8. Ways to Optimize for Throughput
Again, consider System, Model, and Hardware.
System-Level
- Continuous Batching
- Merge multiple requests per decode step → higher total tokens/sec.
- Autoscaling / Data Parallel
- Multiple replicas handle more requests in parallel.
- Eviction Policies
- Free up memory from idle sessions to serve more active requests concurrently.
- Load Balancer
- Distribute requests so no single node is overloaded while others idle.
Model-Level
- Tensor Parallel
- Split big layers across GPUs → handle bigger batches concurrently (if interconnect is fast).
- Pipeline Parallel
- Keep multiple micro-batches in flight like an assembly line.
- Quantization
- Smaller data → bigger batch fits in GPU memory → more tokens per second.
- MoE (Expert Parallel)
- Sparse activation: can handle large batch if routing is balanced.
Hardware-Level
- Scaling Up GPU Count
- More GPUs (with enough bandwidth) → more total throughput.
- High-Bandwidth Networking
- Critical if your model is sharded (tensor or pipeline).
- Faster Disks / Storage
- If offloading to disk (FlexGen), faster NVMe or SSD read speeds matter.
One-Liner Reminder
- Local vs.
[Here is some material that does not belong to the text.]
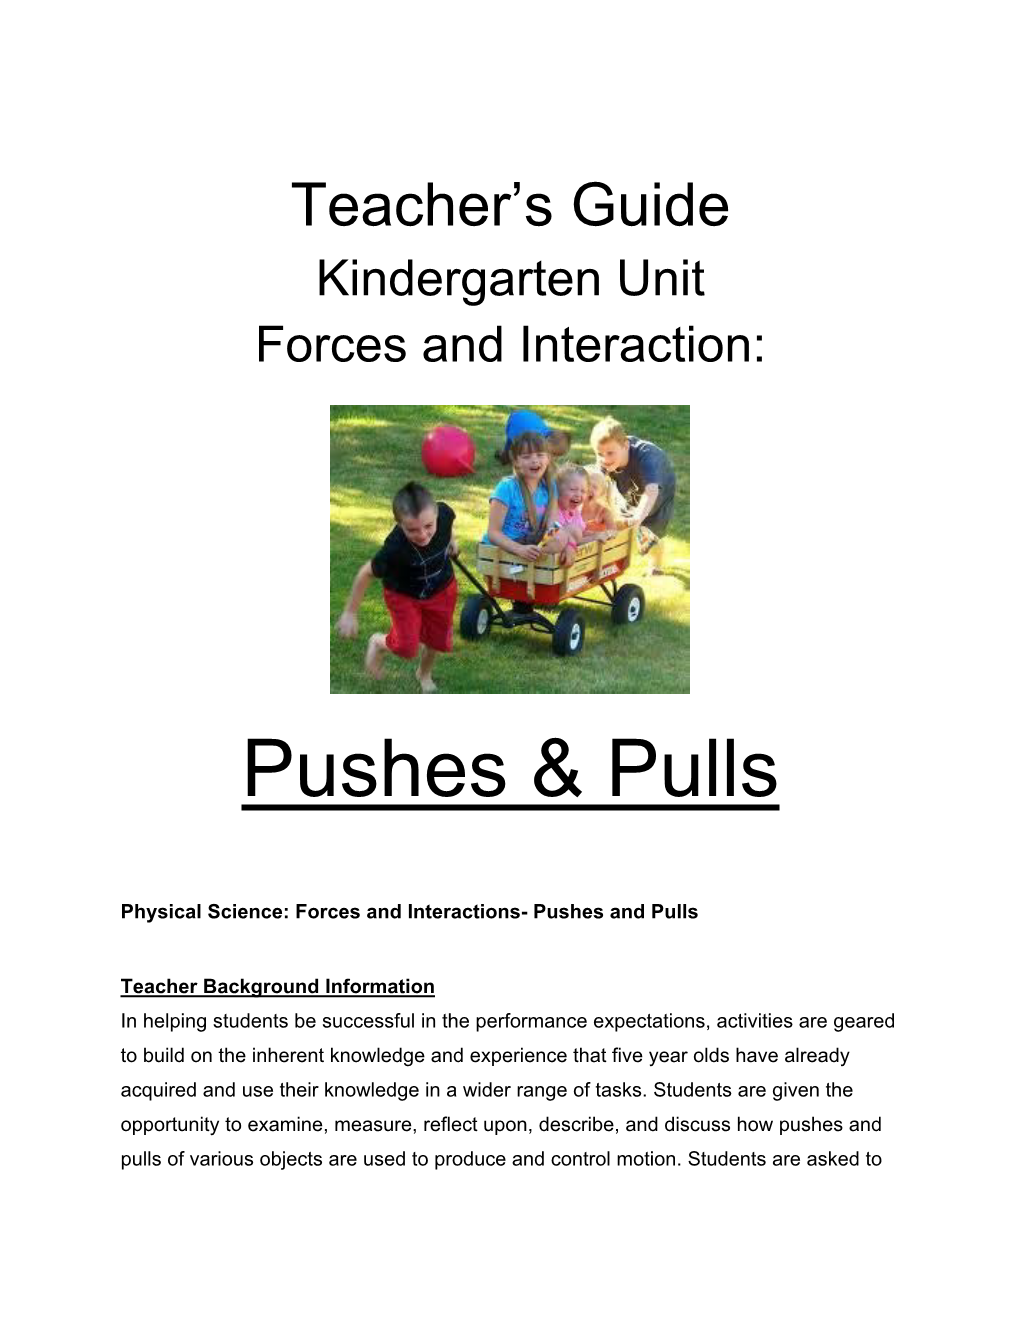 Forces and Interactions: Pushes and Pulls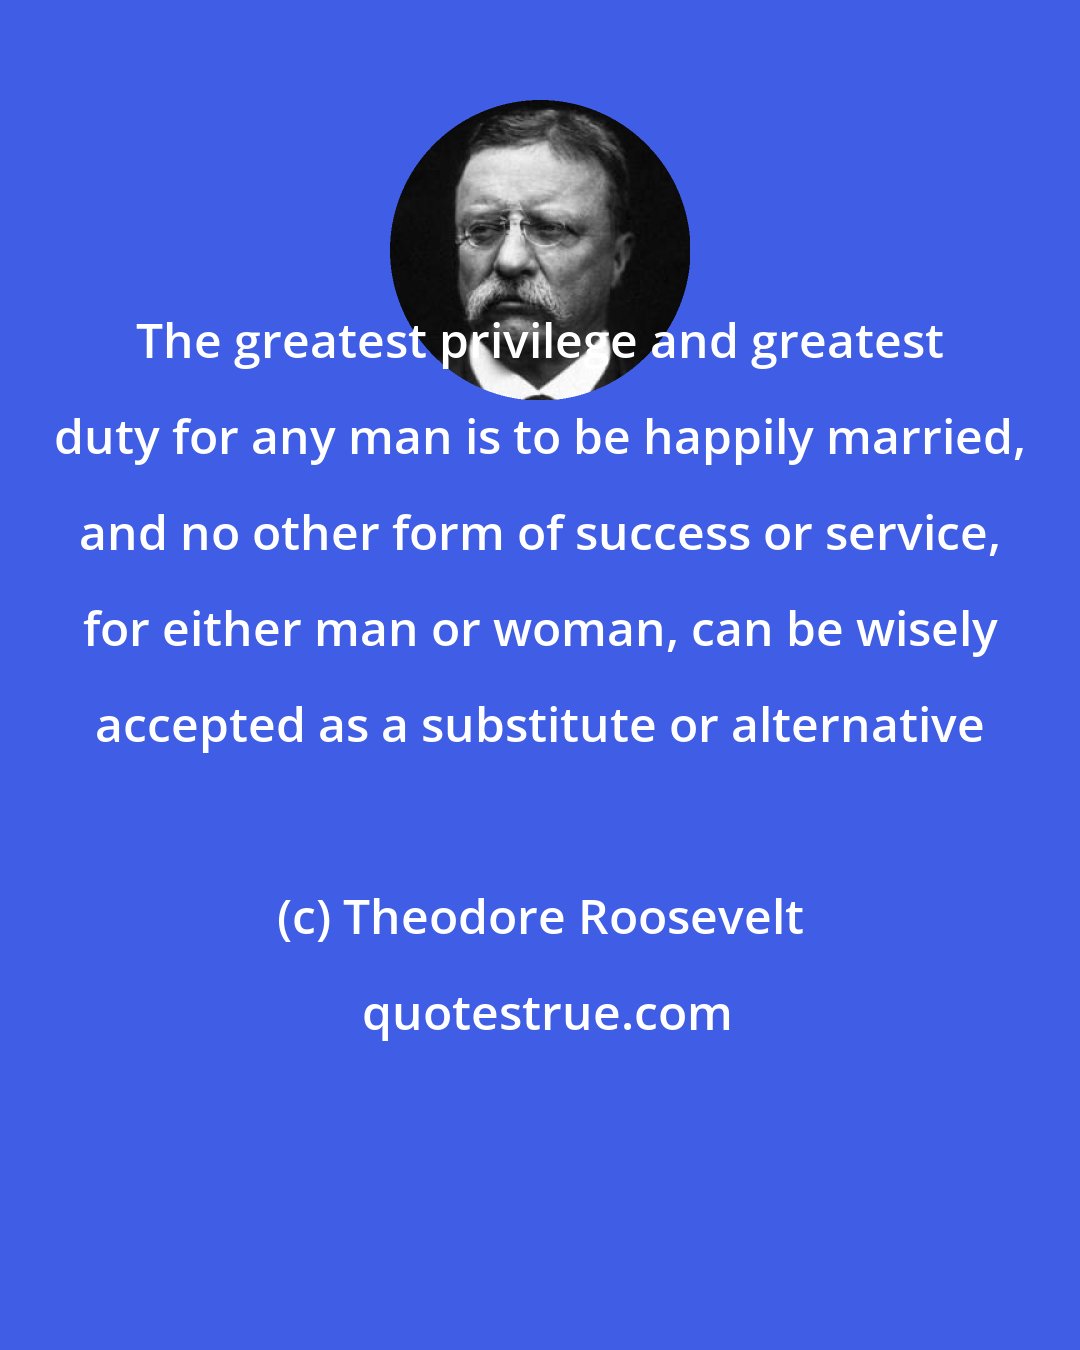 Theodore Roosevelt: The greatest privilege and greatest duty for any man is to be happily married, and no other form of success or service, for either man or woman, can be wisely accepted as a substitute or alternative

Global → Where you serve from. Concurrency vs. region & cost trade-offs.
- Continuous Batching → Merge decode steps for throughput with minimal latency penalty.
- Parallelism → Data (throughput), Tensor (big model), Pipeline (layers), MoE (experts).
- KV & APC → Cache previous tokens and share repeated prefixes = speed.
- Eviction & Offload → LRU/time-based to manage GPU memory. Summarize or store old KV.
- Scaling Algos → FlashAttention, Quantization, Speculative Decoding = big speedups.
- Latency → Optimize system, model, hardware. Batching windows, local replicas, high-end GPUs.
- Throughput → Data parallel replicas, continuous batching, quantization, and HPC interconnect.
Keep these bullet points in mind, and you’ll have a strong mental map of how to handle high-performance, scalable LLM inference. Good luck!